Anyone who’s ever gotten married and spent a major family holiday with the in-laws knows that it can be awkward at first. No amount of love and welcome can make the different traditions and communication styles feel effortless to the “stranger.”
And by this, I mean the one who is only included because of their spouse, not because of a lifetime of memories and shared blood. I don’t say this to paint my husband’s family in a poor light. I admit that it’s awkward because that’s how most of this starts.
James and I have been married for six years now. Even before we’d tied the knot, I came down for the long Thanksgiving weekend as “the girlfriend” to see his folks and meet his family. I remember the moment, a year later, after James had proposed to me and I had a ring on my finger, when his sister threw her arms around me and whispered, “My sister!” It was one of those first moments that hinted that my heart was finding a place here to rest.

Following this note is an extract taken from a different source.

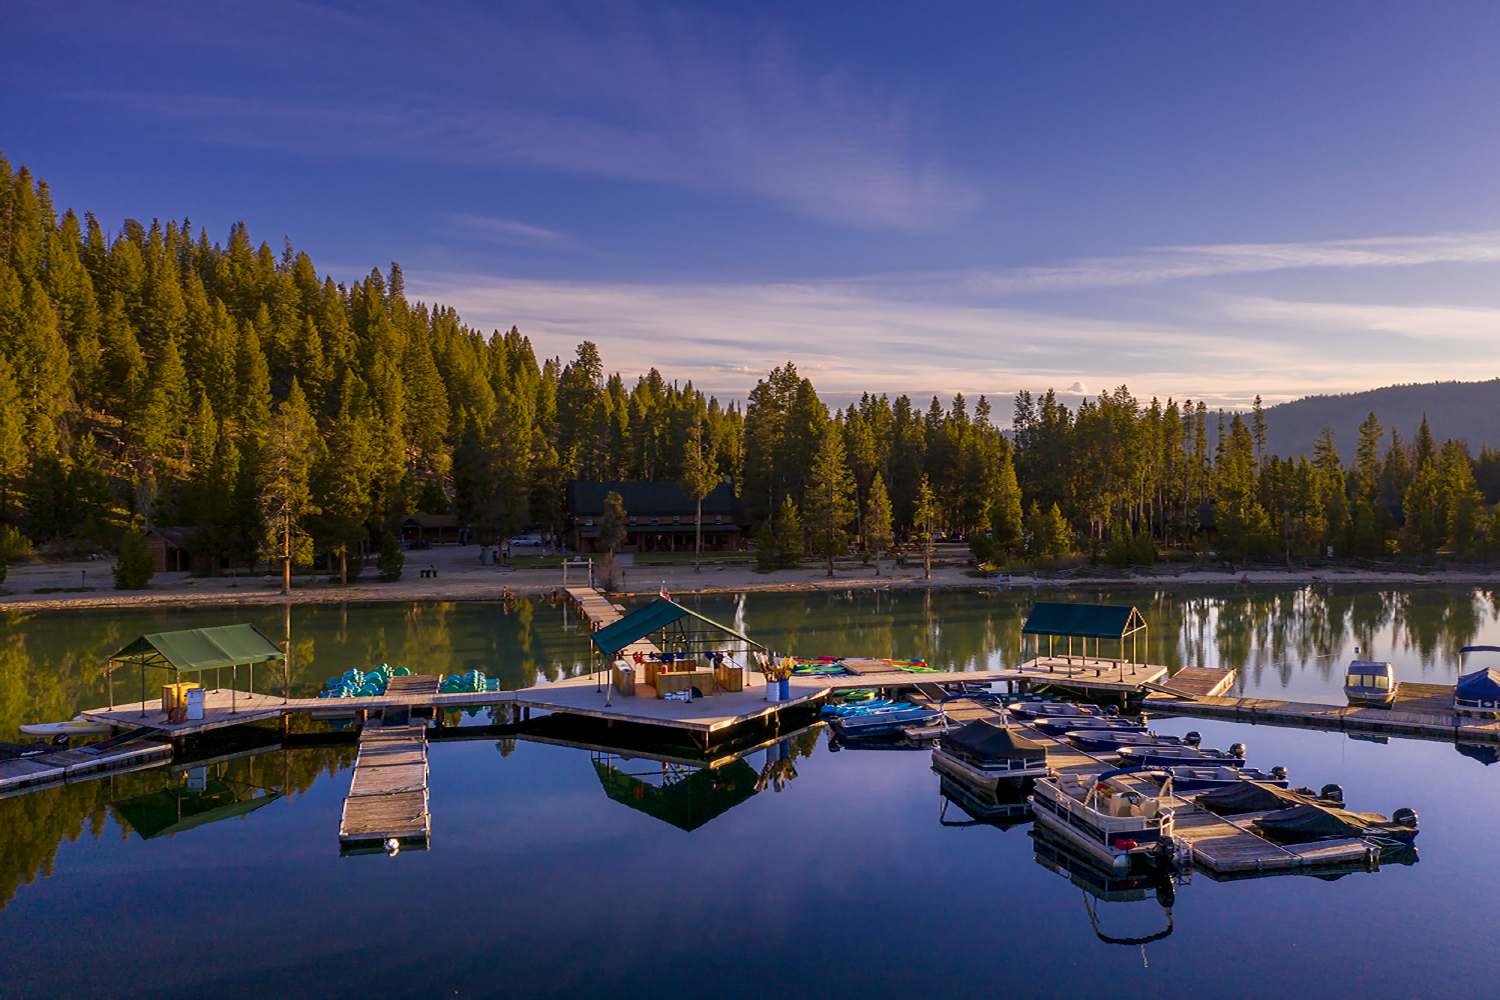 Boat dock on lake

Becoming part of The Stephens Clan has been a process for me. I’ve had a bad attitude at times. I’ve made valiant efforts to contribute at others. I’ve lamented the far distances that separate most of us, making year-long relationships very challenging.
This year, I hit a shining milestone toward my membership in The Clan. Once again, like the hug from James’ sister that touched my heart and sealed itself forever in time, this moment had to do with the siblings.
We had an event to plan and we needed to do it by ourselves. James’ brother and sister and their spouses crammed together with James and me into a single bedroom of the house and, as we examined our schedules, we had a chance to share what was going on in our lives. We talked about what was important to us when we got together, and how we wanted to divide labor.
We were a team.
I was part of that team and I had as valid a voice as anyone else. As I placed a reservation and handed the phone to my brother-in-law to manage the billing info, there was a bonding that filled the room. I felt like an important cog in some big machine, something that would endure beyond myself. It would stretch out to the memories of my children. It would leave a legacy. It would knit me closer to these siblings from my husband’s clan.
This moment during event planning in which I realized that I belonged is my nugget of gratitude from this Thanksgiving that I’m bringing back with me.
What are you bringing back this year?